If you check out a commit that isn't (the tip of) any branch, Git calls that being in "detached HEAD" state. This sounds quite morbid and scary, but it's just the "state of nature" we were describing above, and is how everything would work if Git did not formally provide a branch abstraction.

The Source of the Confusion

The source of the confusion with regard to how Qi releases happen as far as versions go is that Raco's "version 4.0" functions as a branch but Git's "version 4.0" is a tag. We have two conflicting versioning schemes in operation.

Racket's Superpower is that It Doesn't Need One

One of the great things about the Racket ecosystem is the simplicity, power, and broad usefulness of its tools (e.g. see this talk by Alexis King).
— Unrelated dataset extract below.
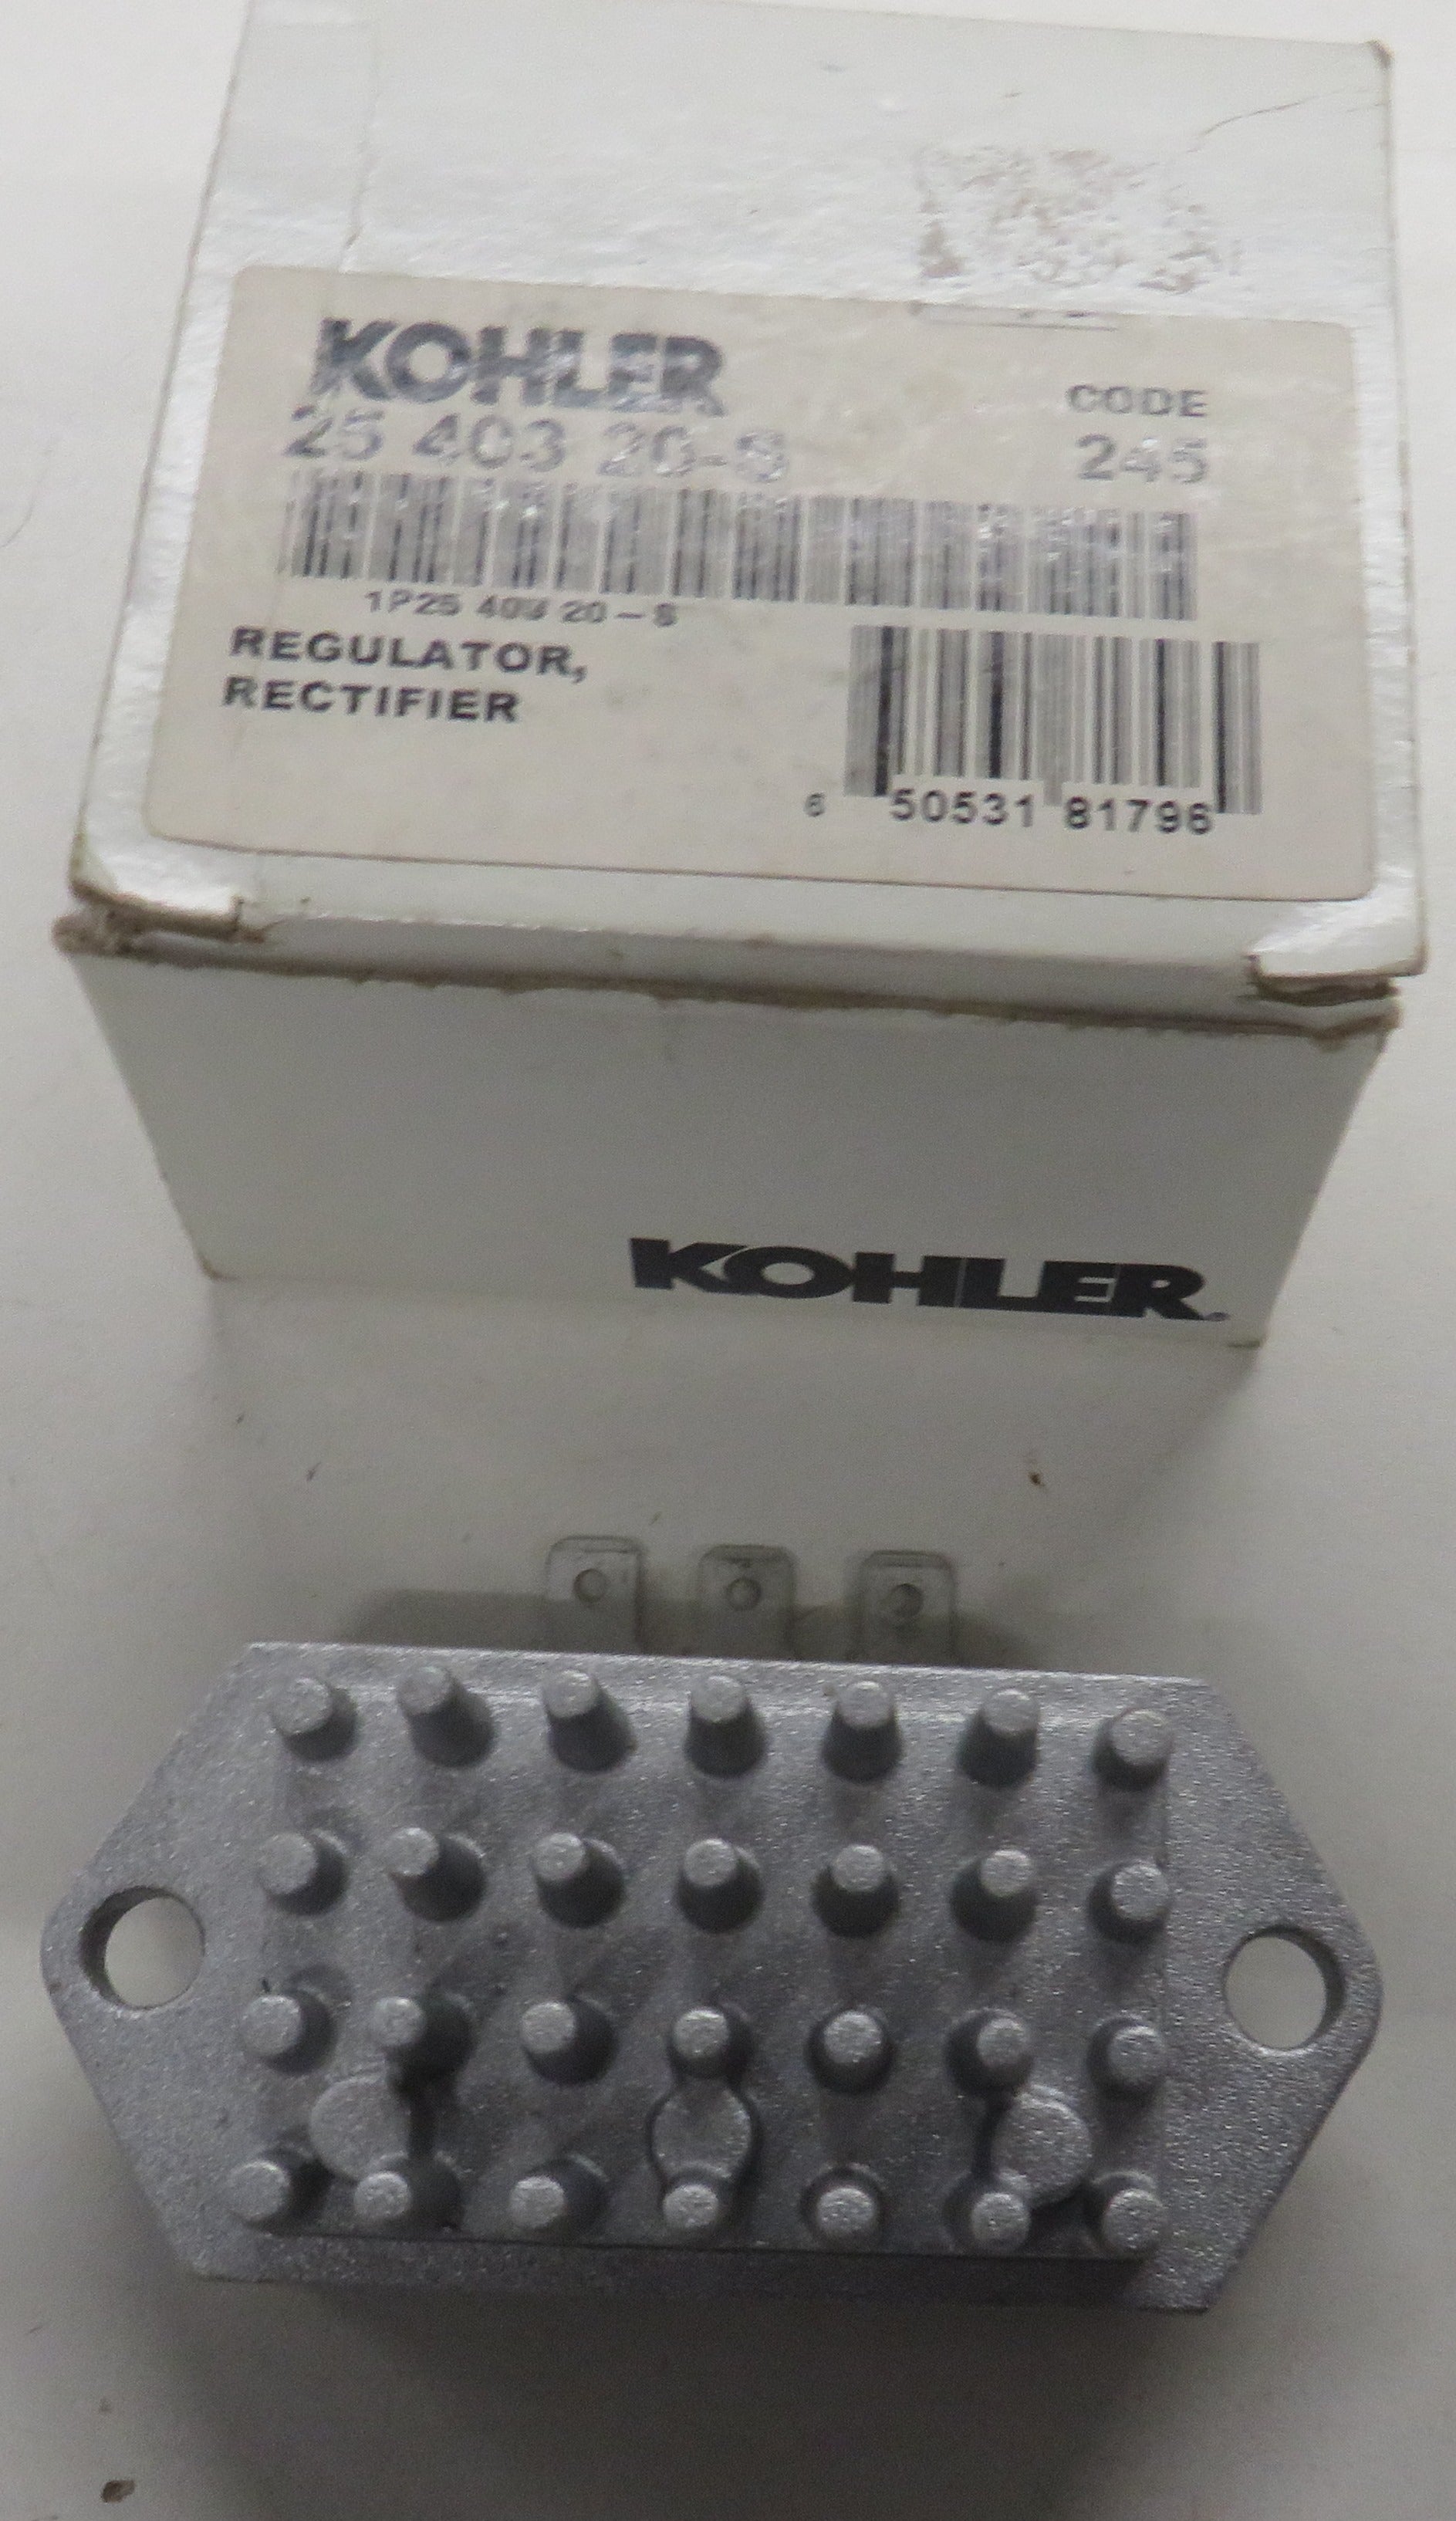 Kohler 25 403 20-S Regulator Rectifier

A big reason for this is that Racket tools often do more by doing less (partially out of necessity due to the small size of the community, but necessity indeed is the mother of avoiding superfluous invention!). For instance, by transitioning to a Chez Scheme backend, Racket benefits from decades of compiler work, and an extended ecosystem, in the Chez Scheme community. Likewise, the Racket Package Index relies on existing source code hosting platforms such as GitHub, GitLab, or anything else, instead of inventing a custom hosting solution.

Yet another example of this is in package management, and how, while packages in Python (for example) have a large (and growing!) number of configuration files such as MANIFEST.in that indicate to the package manager which files should and should not be included in the package, Racket's package manager, Raco (we'll use the term "Raco" to refer to Racket Package Management, though technically this is just the name of the command line utility interfacing with package management functions), simply includes all files in the indicated package folder. The beauty of this is that by doing so, it delegates to an existing platform that's designed for file inclusion and exclusion -- a filesystem. If you don't want a certain file to be part of the package, just put it in another folder. It forces us to organize our code better in a generally useful way, and then leverages that better organization to attain the desired feature in a very simple way.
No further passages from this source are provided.